The Company's principal uses of funds during 2004 are expected to be the payment of operating expenses, payments for licensing of programming and subscriber acquisition fees, and interest payments under its bank credit facility. As part of the Company's growth strategy, the Company expects to continue making investments in programming and distribution during 2004.
As of March 31, 2004, the Company believes that cash inflows from its operations, cash on hand, remaining availability under its bank credit facility and payments anticipated under the tax sharing agreement with Hallmark Cards, all of which are currently its principal sources of funds, will be sufficient to meet its liquidity needs for at least the next twelve months. The Company plans to obtain additional funding by increasing its revolving line of credit under its bank credit facility. Any new debt financing would require the agreement of existing lenders, including HC Crown.

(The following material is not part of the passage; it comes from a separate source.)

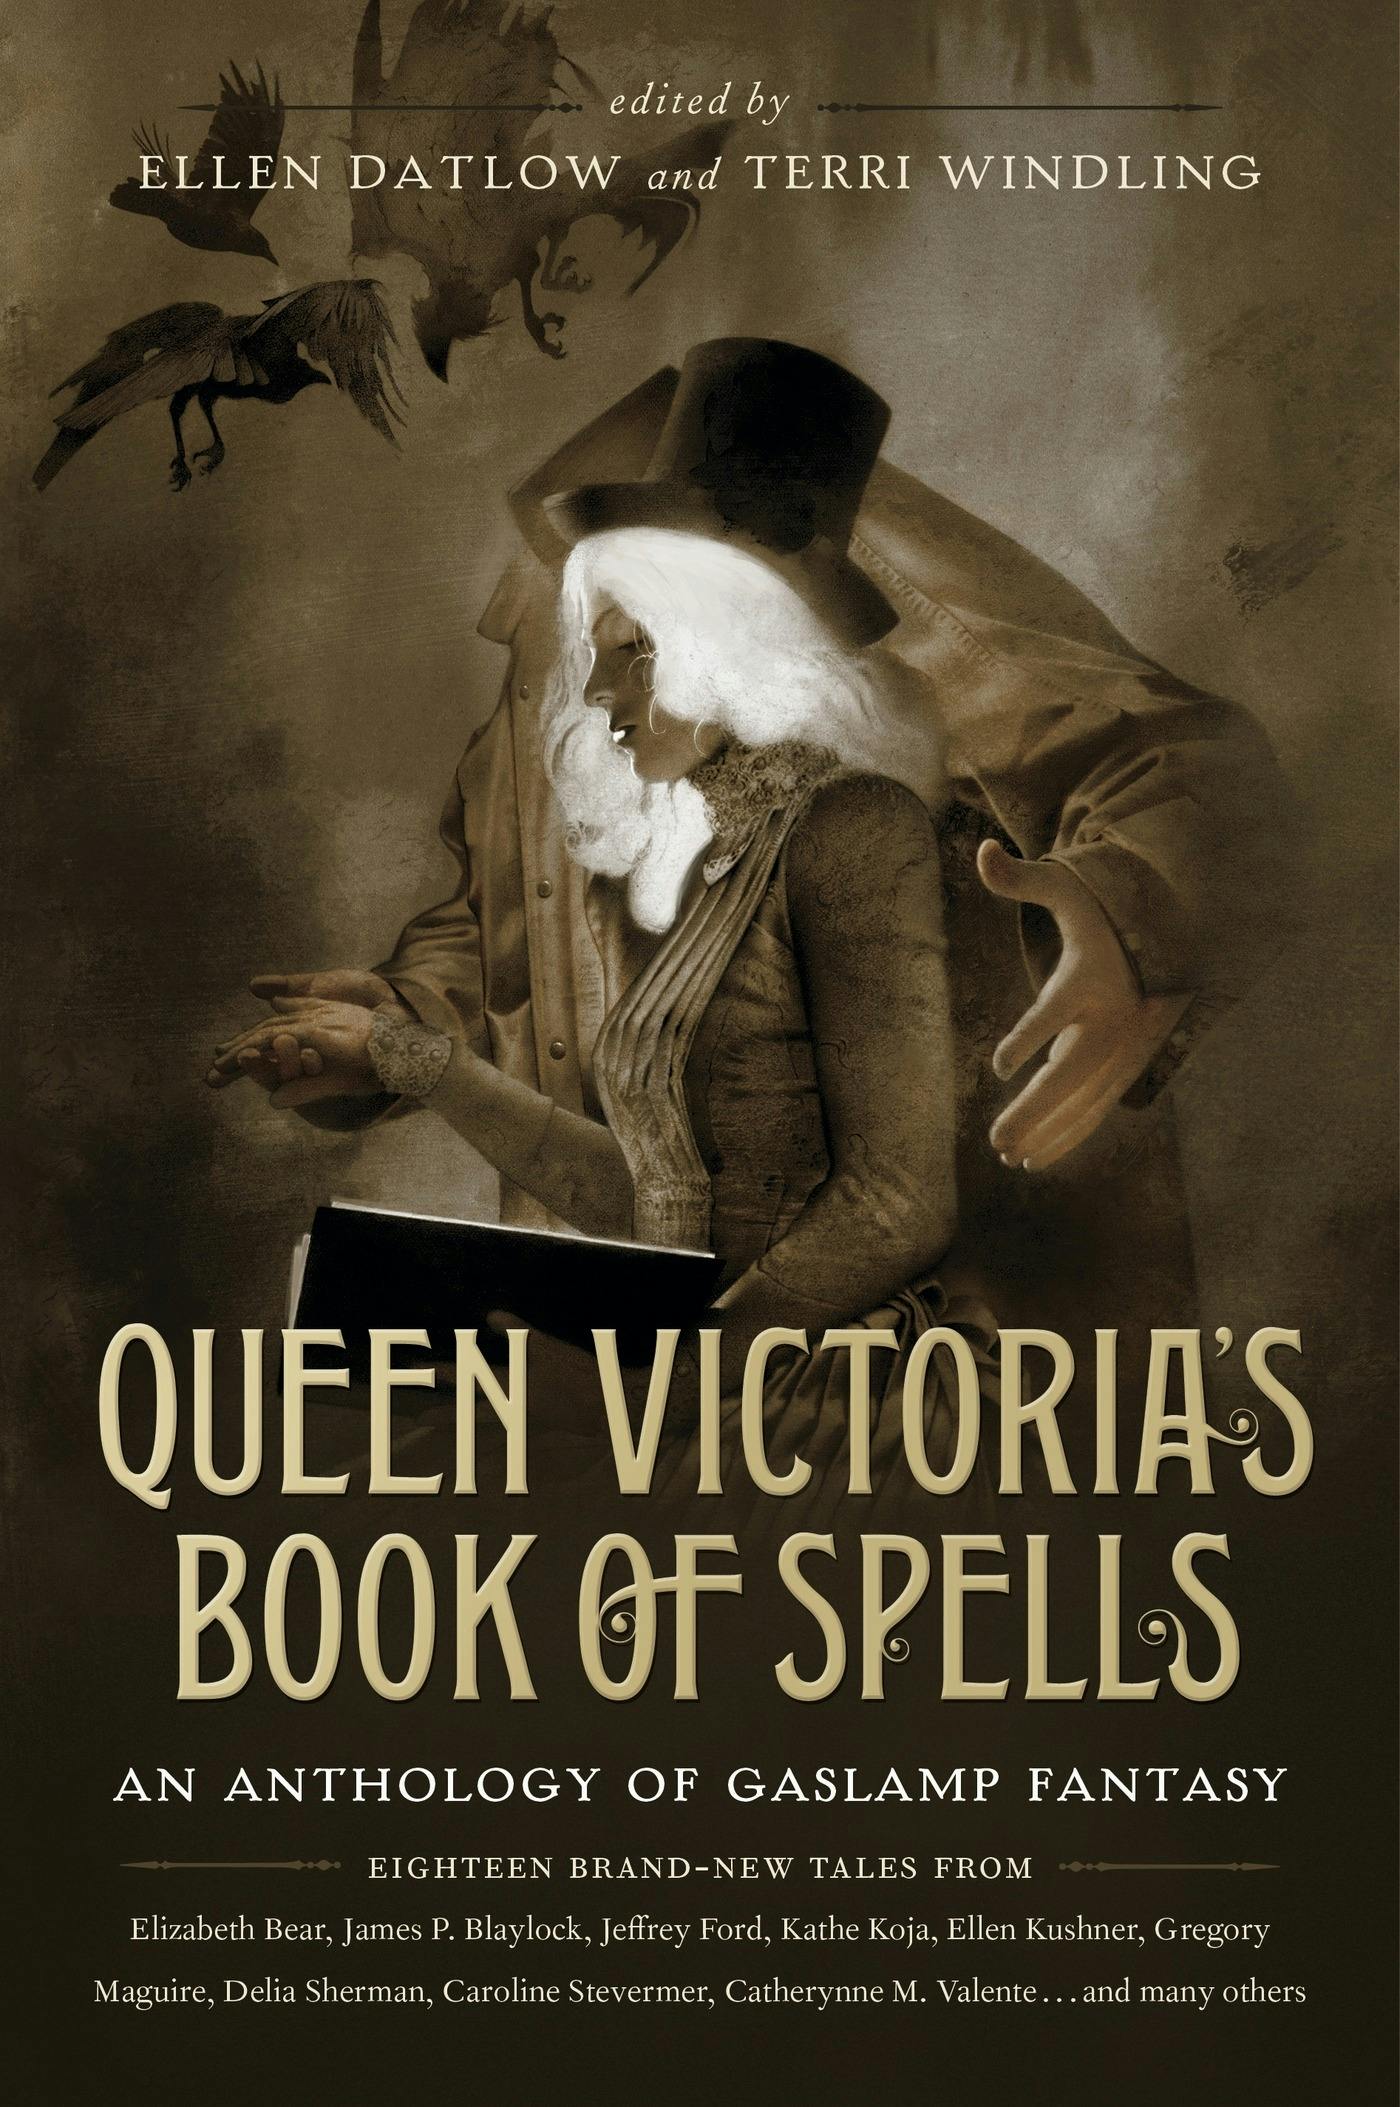 Cover for the book titled as: Queen Victoria's Book of Spells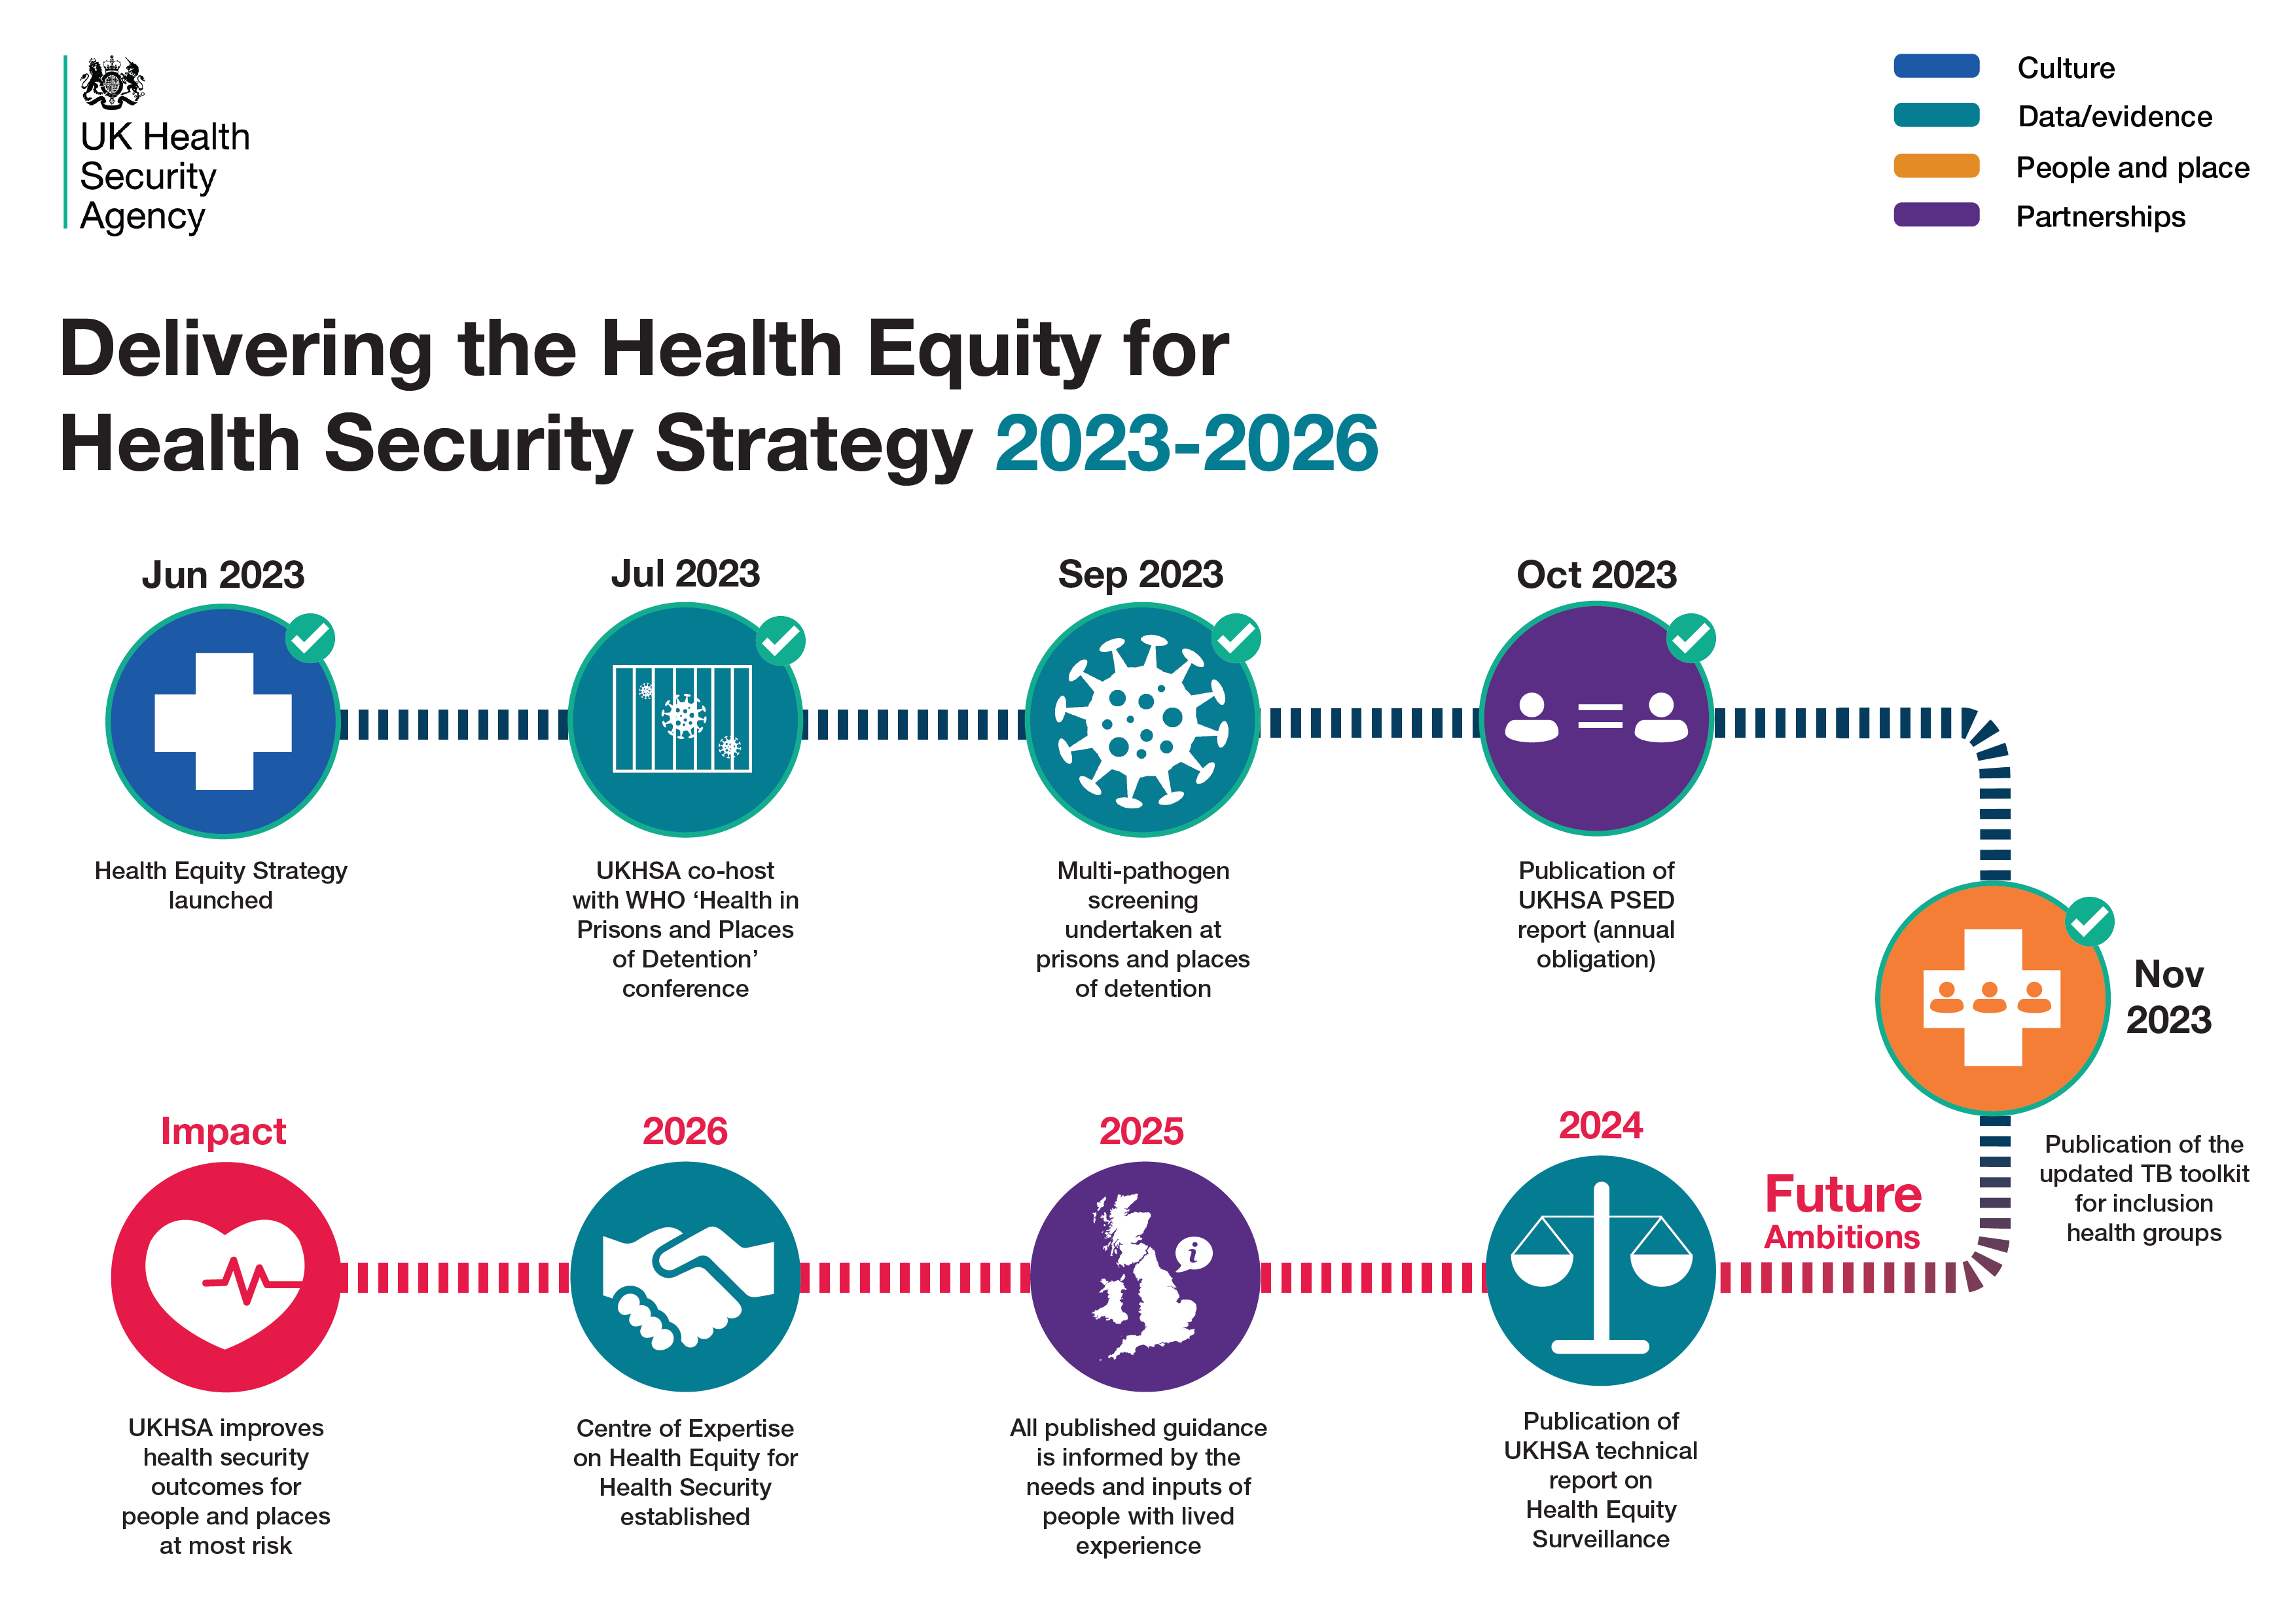 Graphic showing key milestones in delivering the UKHSA Health Equity for Health Security Strategy

Potential Sale of the International Business
On April 13, 2004, the Company announced that it is exploring strategic alternatives for its international business, which includes international rights to license the film library. These alternatives include, but are not necessarily limited to, a sale or other corporate transaction. Any sale would, and any other corporate transaction might, require the agreement of existing lenders, including HC Crown.
7
2. Summary of Significant Accounting Policies
Interim Financial Statements
In the opinion of management, the accompanying consolidated balance sheets and related interim consolidated statements of operations and cash flows, include all adjustments, consisting of normal recurring items necessary for their fair presentation in conformity with accounting principles generally accepted in the United States. Interim results are not necessarily indicative of results for a full year. The information included in this Form 10-Q should be read in conjunction with Management's Discussion and Analysis and consolidated financial statements and notes thereto included in the Crown Media Holdings, Inc. 2003 Annual Report on Form 10-K.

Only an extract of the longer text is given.